— ...от кого она.
Это слово упало в меня, как камень в колодец. Упало и пошло на дно, и я услышала, как оно там ударилось о воду.
Бугров сидел напротив. Трубка у него в руке, миска с воском на коленях, пчёлы ровным гулом. Всё на месте. Только я уже была не та, что пришла к нему минуту назад.
— Дядя Фёдор.
Голос вышел не мой. Тоньше. Я сглотнула.
— Дядя Фёдор, вы что сейчас сказали?
Старик не отвёл глаз.
— Что слышала, Настюха.
— От кого я?
Он молчал. Смотрел тяжело, прямо. Губы поджаты. И я поняла: он не повторит. Сказал одно слово — и всё, больше не вытянешь.
— Это Валя ей так сказала?
— Так.
— А мать что?
— А мать, Настя, — он отложил трубку, — мать у тебя сразу сломалась. Я по голосу потом понял, когда она ко мне пришла. Раньше ходила — прямая. А тут сутулая шла. Будто несла что.
Я смотрела на свои галоши. Земля у дяди сухая, утоптанная, с сухими пчёлами в пыли.
— Дядя Федя. А вы… вы-то знали?
Он долго молчал.
— Знал, Настюша. Давно знал. Я ж с матерью твоей почти с детства.
— А папа?
Он закусил трубку. Отвёл взгляд к ульям. Пчёлы шли и шли — из летка и обратно, жужжание густое, на одной ноте.
— Про отца не сейчас.
— Дядя Федь…
— Не сейчас, Насть, сказал. — Он посмотрел мне в лицо. — Дай старику собраться. Приди через день-другой. Сейчас иди.

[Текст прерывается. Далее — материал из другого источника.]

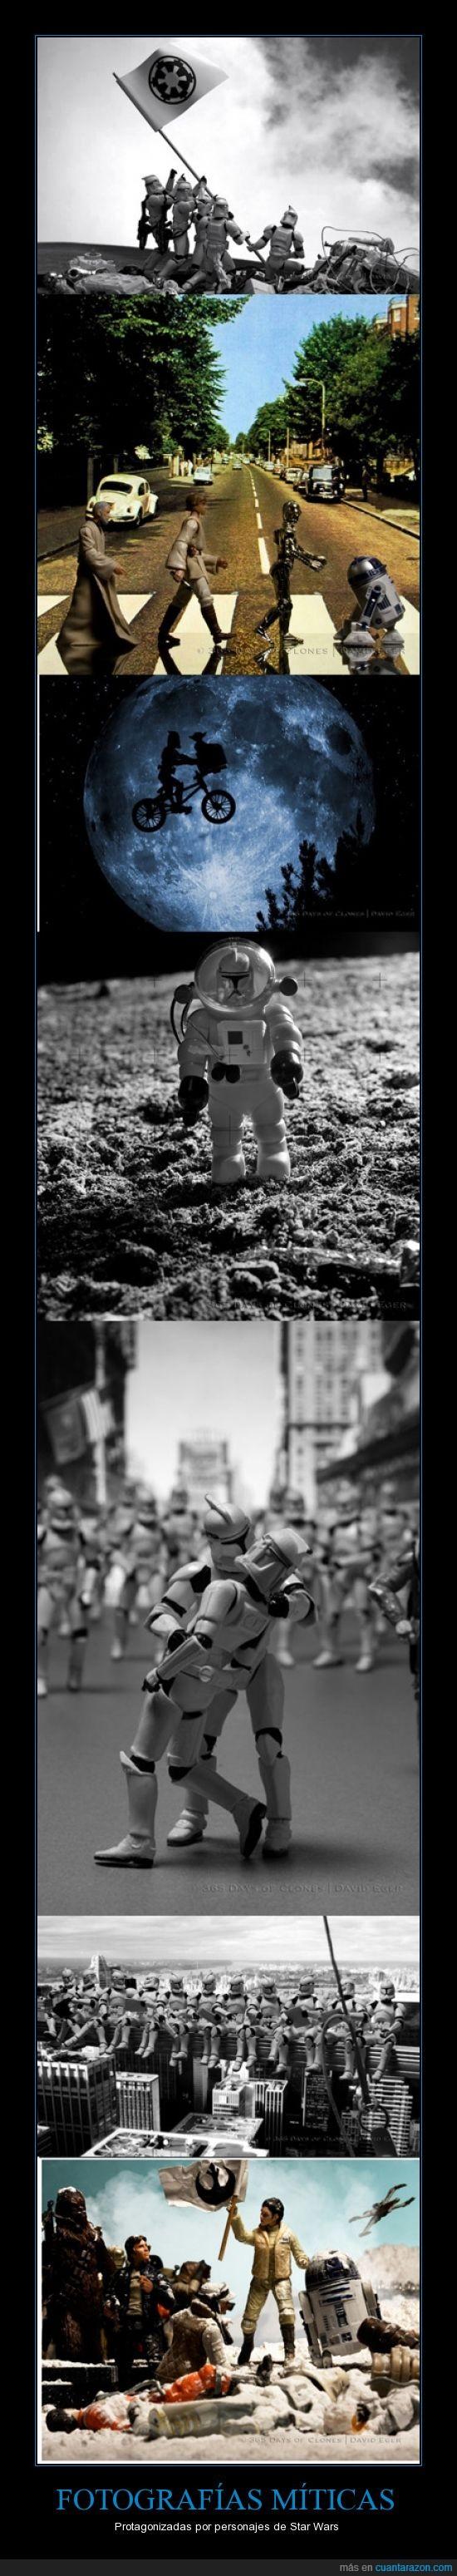 figura,fotografia,marinero,mitica,soldado,star wars

Я встала. Юбка примялась, я её оправила. Руки жили сами, голова — отдельно.
— Настя.
— Да.
— О матери своей не коси. Она у тебя хорошая была.
— Знаю, дядя Федя.
Я пошла. У калитки обернулась. Старик сидел тот же — чурбан, рамка, нож. Смотрел мне в спину. Поднял руку. Не помахал — просто поднял, как крестят вслед в дорогу.
***
Лес у пасеки начинался сразу за жердями. Я в него не пошла — свернула по тропе вдоль опушки, обратно к деревне. Нужно было одной. Между людьми я бы не донесла того, что сейчас внутри стояло.
От кого я. Три слова.
Я шла и перебирала их, как перебирают чётки. От — кого — я.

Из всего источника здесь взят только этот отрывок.